Карл был сыном первого короля Испании из династии Бурбонов — Филиппа V от его второй жены, Елизаветы Фарнезе, дочери Эдуарда Пармского. Когда ее сыну исполнилось шестнадцать, она послала его из Испании править Пармой, затем через два года, после не слишком серьезного военного опыта, он сделался королем Неаполя и Сицилии. Карл любил Неаполь, а Неаполь любил его. Он женился на Амалии Саксонской в Неаполе, и там родились его дети. Принято называть монархов XVIII века «милостивыми деспотами», и в этом случае фраза как нельзя лучше подходит. Девизом короля было: «Все для народа, но ничего через народ». В нем было сильно патерналистское начало, и ему нравились маленькие реформы, например он запретил жителям города вывешивать белье на окнах или же призывал их носить шляпы определенного фасона.

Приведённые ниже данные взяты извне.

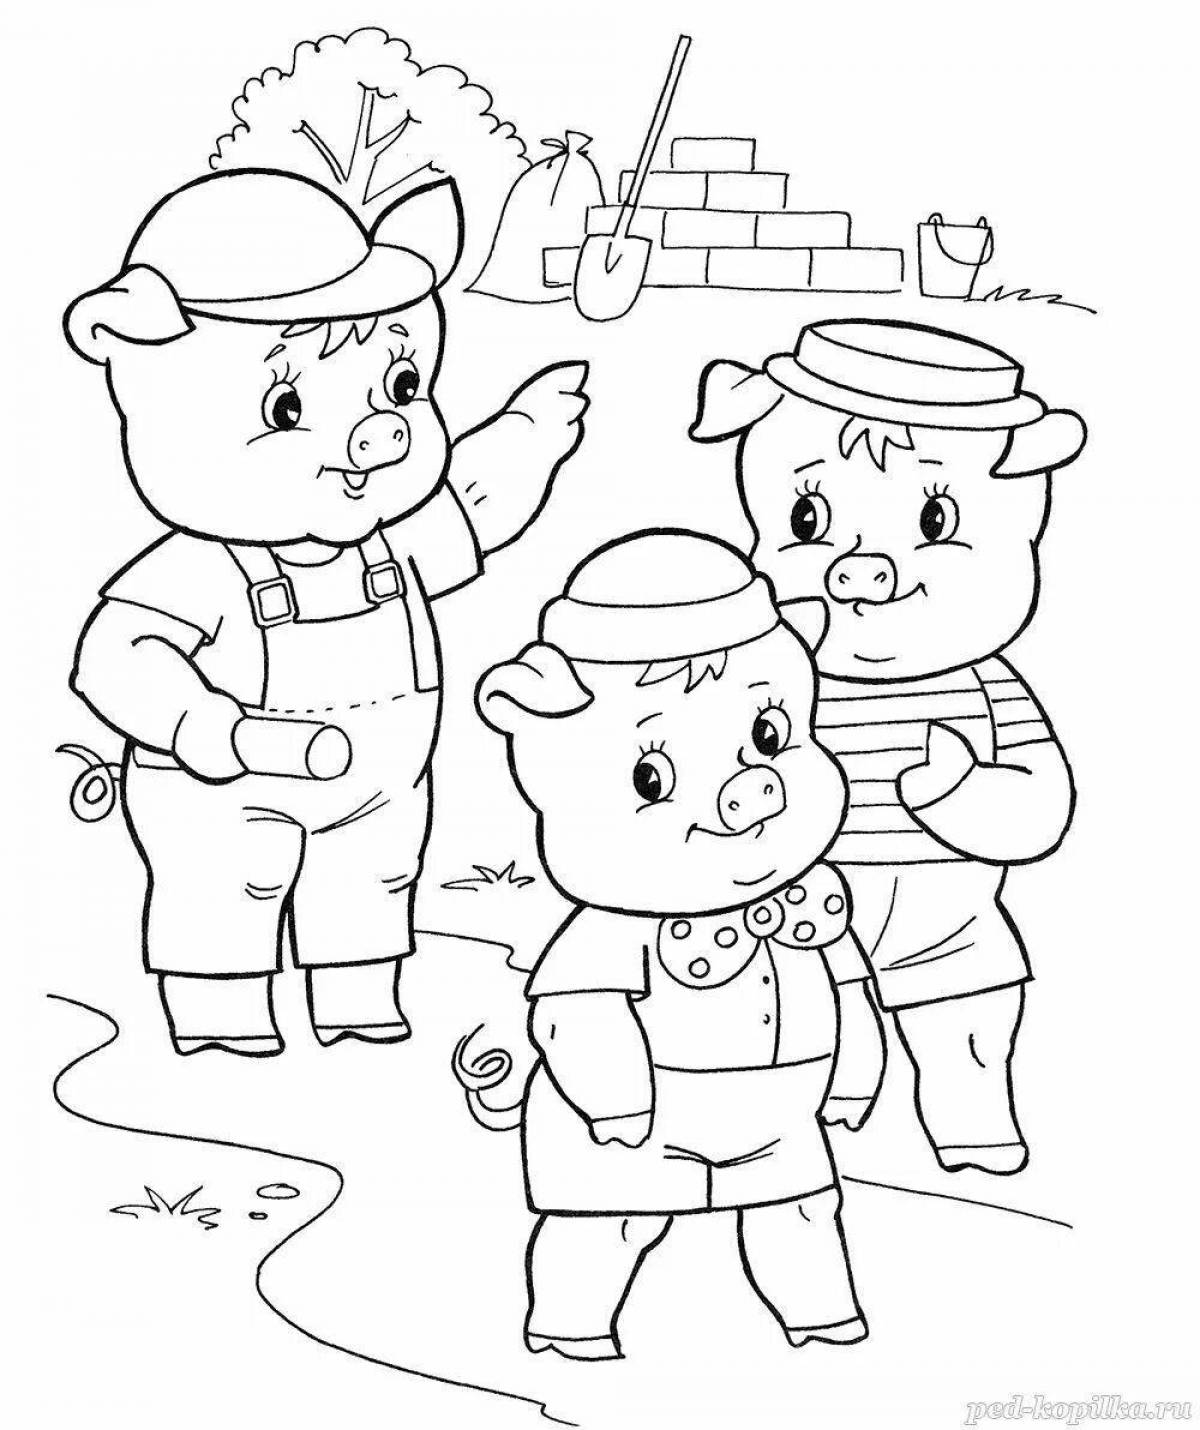 Coloring fairy tale three little pigs

Он разгонял меланхолию — этой болезнью страдали Бурбоны, а до них и Габсбурги — с помощью охоты и строительства. Заезжий человек непременно замечал строения, к которым был причастен Карл III. В число его архитектурных достижений входит оперный театр Сан-Карло, дворец Каподимонте, огромная богадельня на площади Карла III и дворец Казерта. Должно быть, он вложил всю свою архитектурную энергию в Неаполь, потому что, сделавшись королем Испании, в этой стране он ничего не построил, за исключением дворца Эль-Прадо в окрестностях Мадрида (в нем жил генерал Франко).

Когда Карл унаследовал Испанию, ему исполнилось сорок три года. Характерно, что из его уст никто не слышал ни гнева, ни печали из-за того, что он покинул любимую землю и великолепный Неаполитанский залив, сменив их на засушливый Мадрид. Он уехал, как благоразумный менеджер, переведенный на другое место работы. Он знал, что когда-то это произойдет. Затем произошла болезненная для него ситуация. На встрече официальных лиц и врачей решался вопрос, может ли его старший сын Филипп (тогда ему исполнилось двенадцать) взойти на трон. Вердикт был таков: принц безумен и наследовать не может.

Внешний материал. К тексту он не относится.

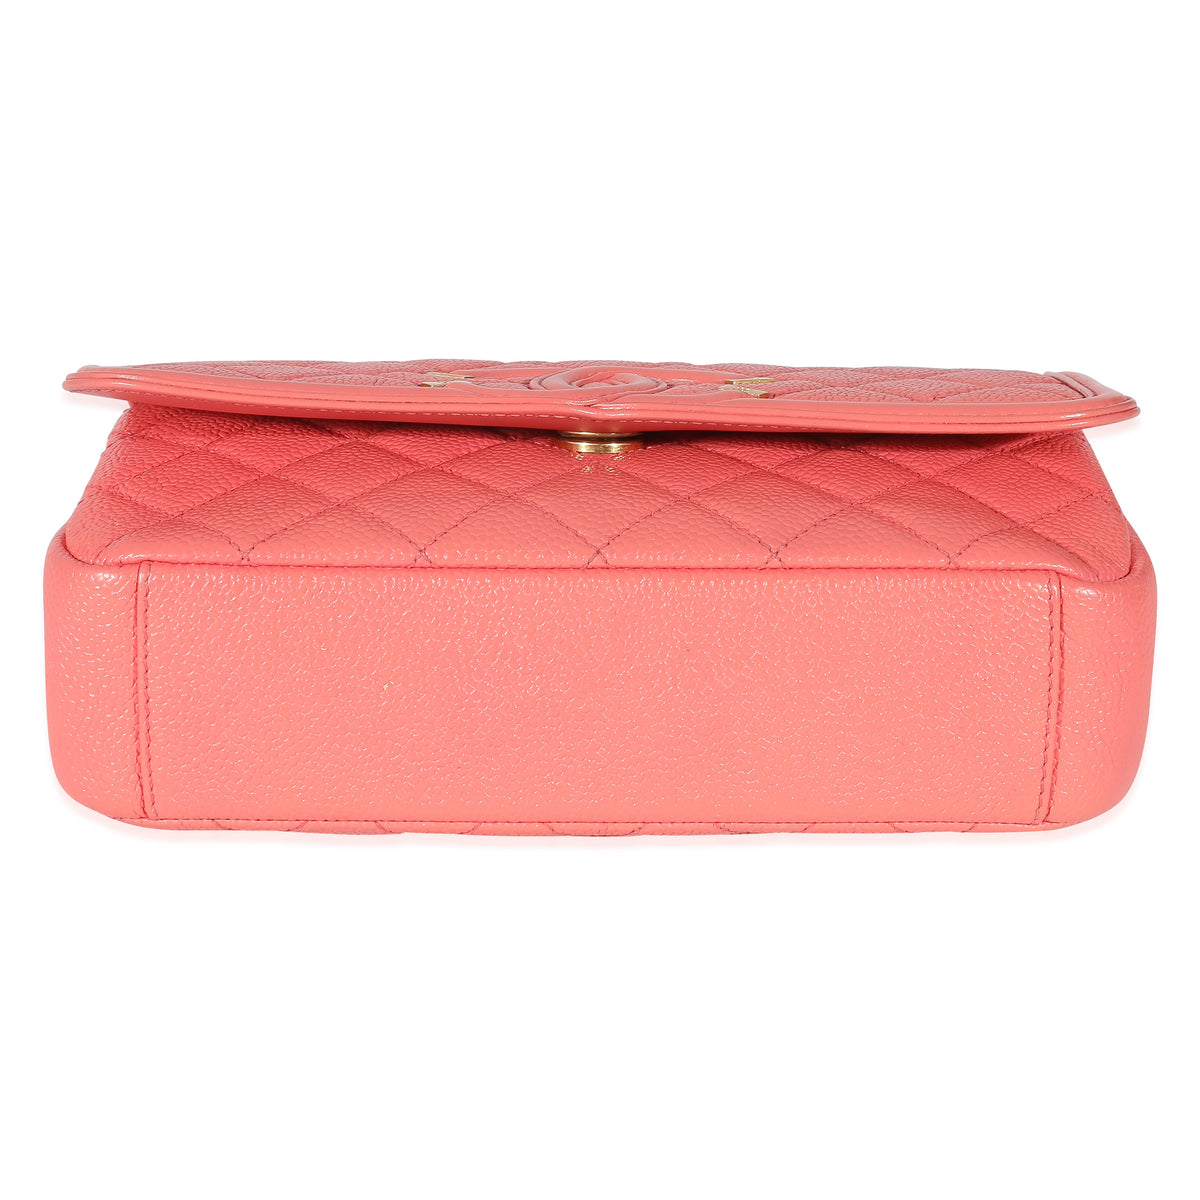 Chanel - Pink Quilted Caviar Filigree Compact Wallet

Оставив несчастного наследника под наблюдением врачей и телохранителей во дворце Неаполя, Карл и королева уехали в Испанию вместе со своим вторым сыном, ставшим впоследствии испанским королем Карлом IV. Гойя написал и его. Портрет получился безжалостным. Третий сын, Фердинанд, был провозглашен Фердинандом IV, королем Неаполя. Рассказывают, что два принца спорили по поводу своего наследия. «Я буду управлять самыми большими доминионами в мире», — сказал одиннадцатилетний Карл, на что восьмилетний Фердинанд будто бы ответил: «Да, возможно и будешь, а я уже король».

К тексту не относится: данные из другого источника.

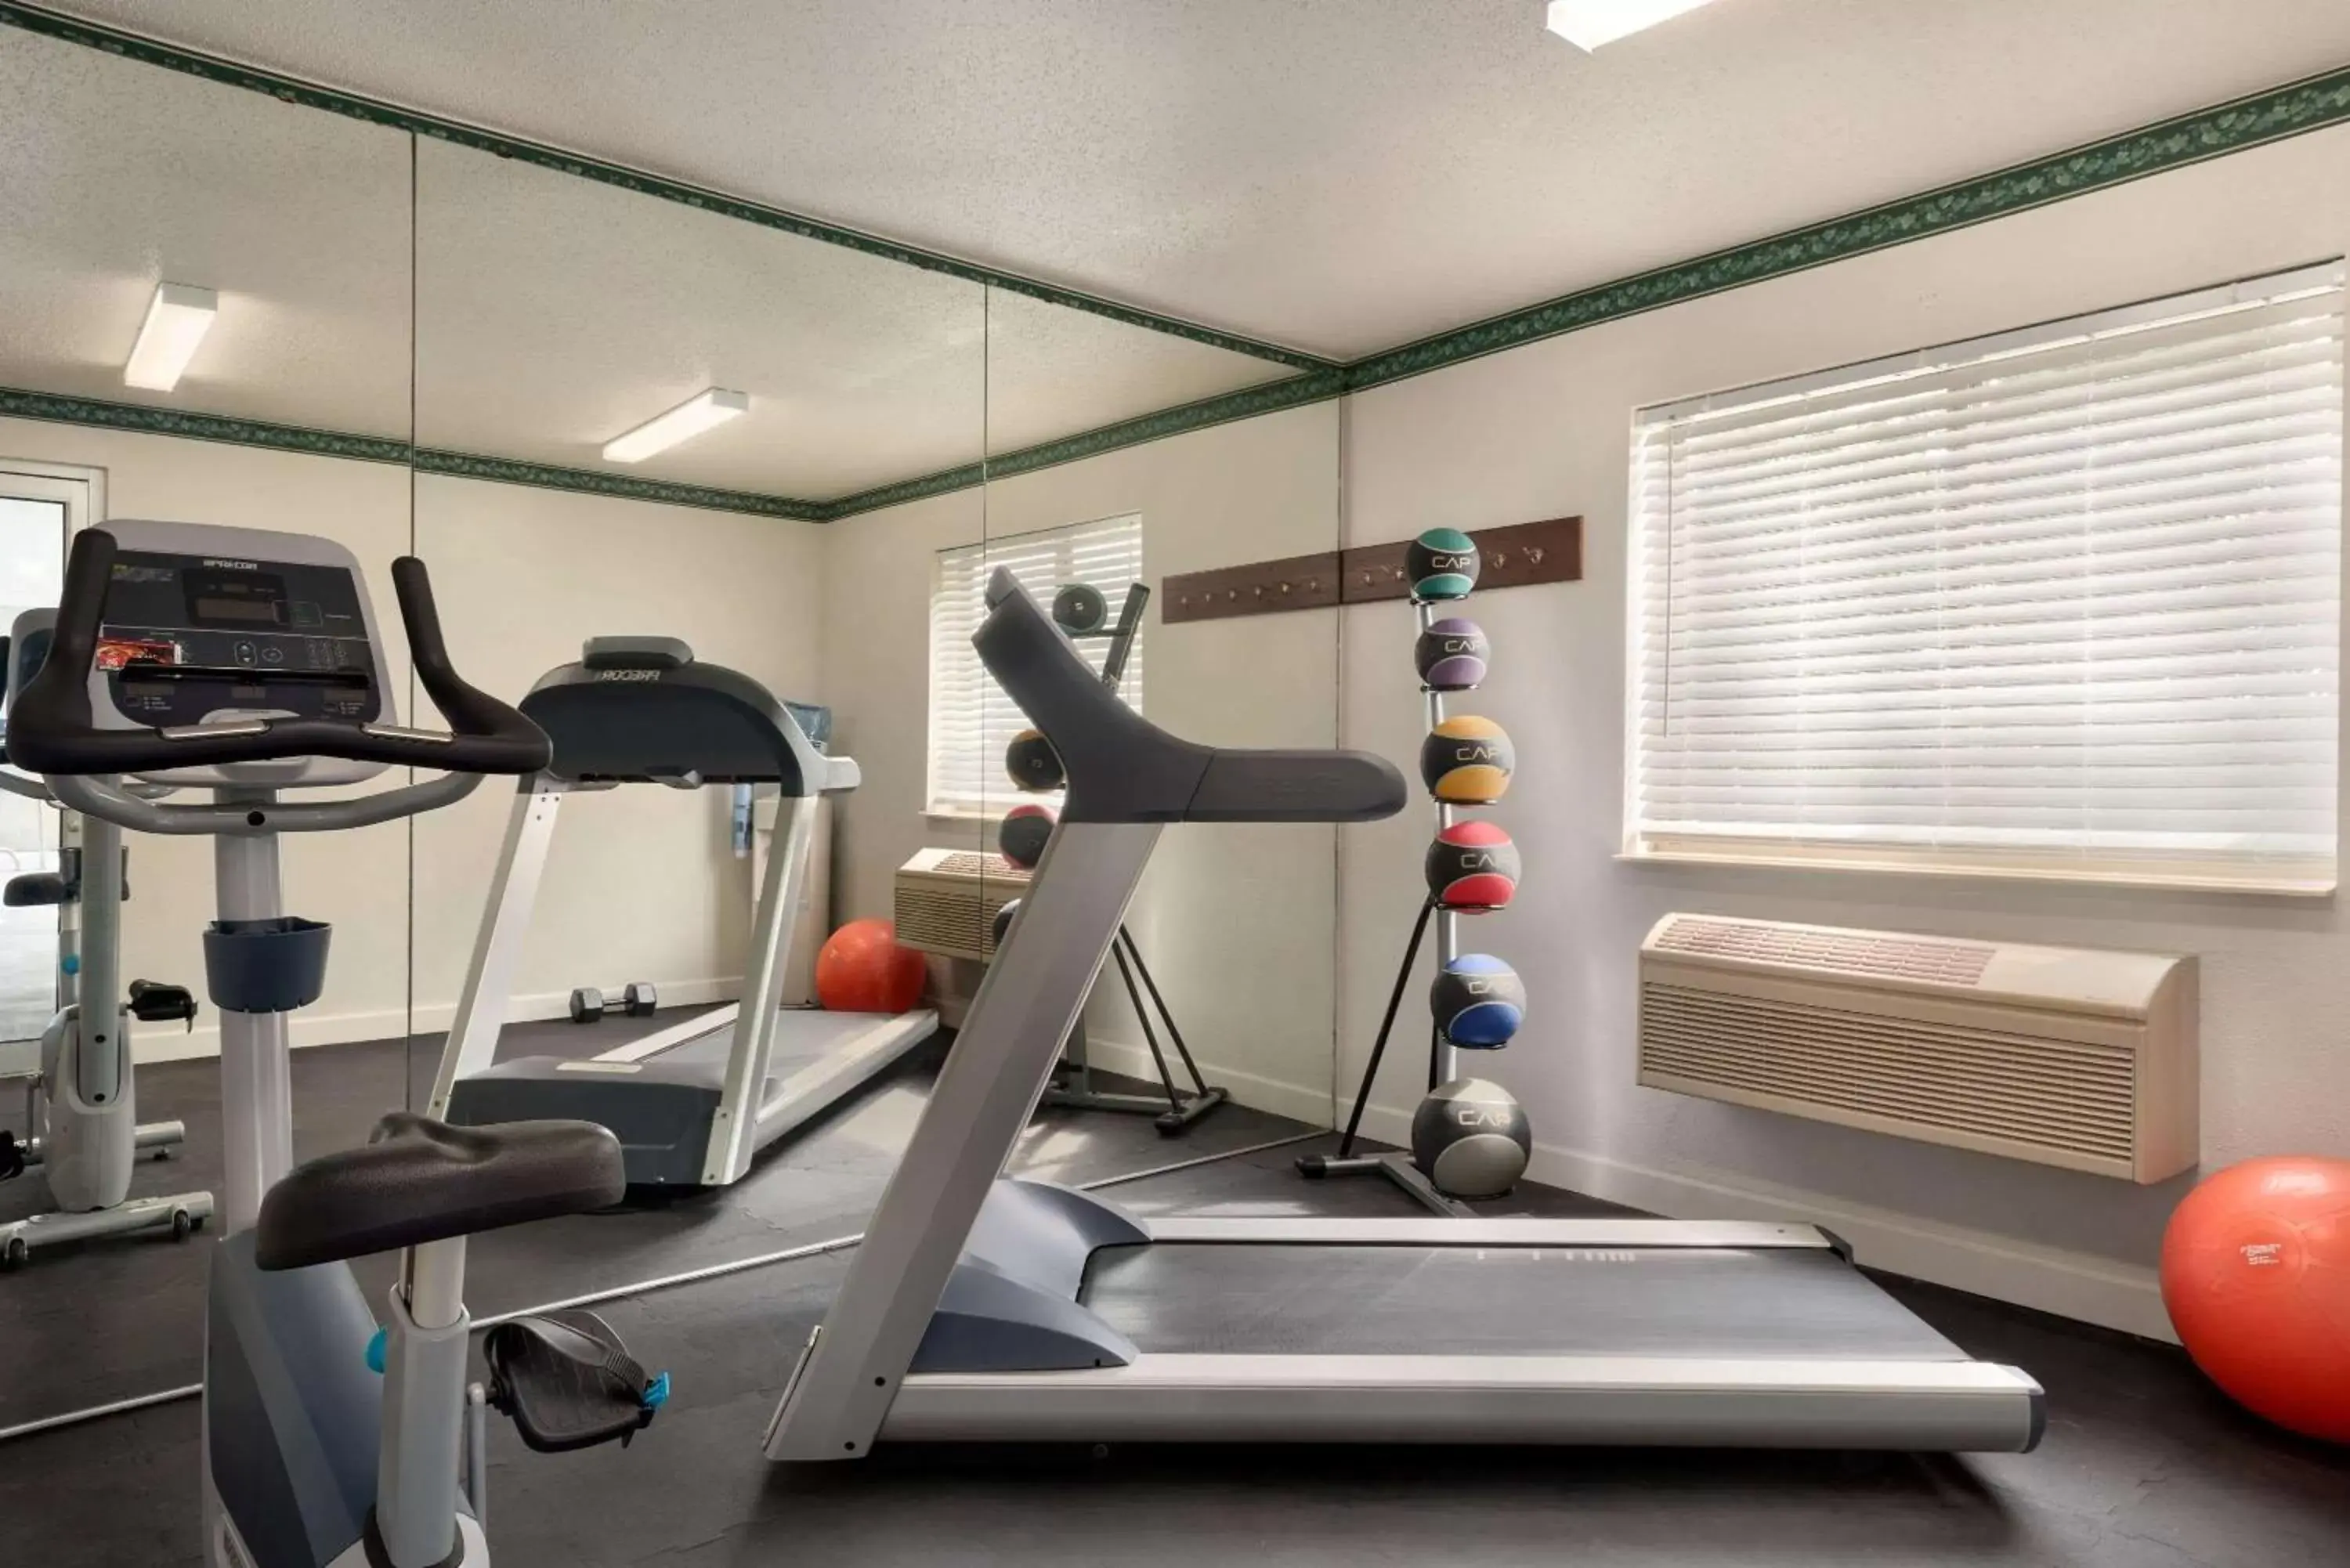 Fitness centre/facilities, Fitness Center/Facilities in Baymont by Wyndham Swanton

Если он действительно так сказал, то, вероятно, это — самое яркое его высказывание, зафиксированное в истории. Он вырос абсолютно необразованным. Имея в виду пример сумасшедшего сына, отец — прежде чем уехать в Испанию — дал строгий приказ: не перегружать мозг Фердинанда излишними знаниями. Так и вышло: единственное, чем Фердинанд интересовался, были охота, рыбалка и общение с людьми самого низкого пошиба — лаццарони. Король всю жизнь говорил на их диалекте. Лаццарони любили его за это, а другие находили короля несносным. Он женился на Марии-Каролине Австрийской, сестре Марии-Антуанетты. Однажды она так сказала о нем своему брату, императору Иосифу: «Еr ist ein recht guter Narr» — «Он добрый дурачок».
Меня всегда восхищала и в то же время раздражала пьяцца дель Плебесцито, с одной стороны которой стоят королевский дворец и оперный театр, а с другой — базилика Святого Франциска ди Паола, архитектурное эхо Пантеона и колоннады Бернини. Угнетающее впечатление производят сотни машин, припаркованных против дворца.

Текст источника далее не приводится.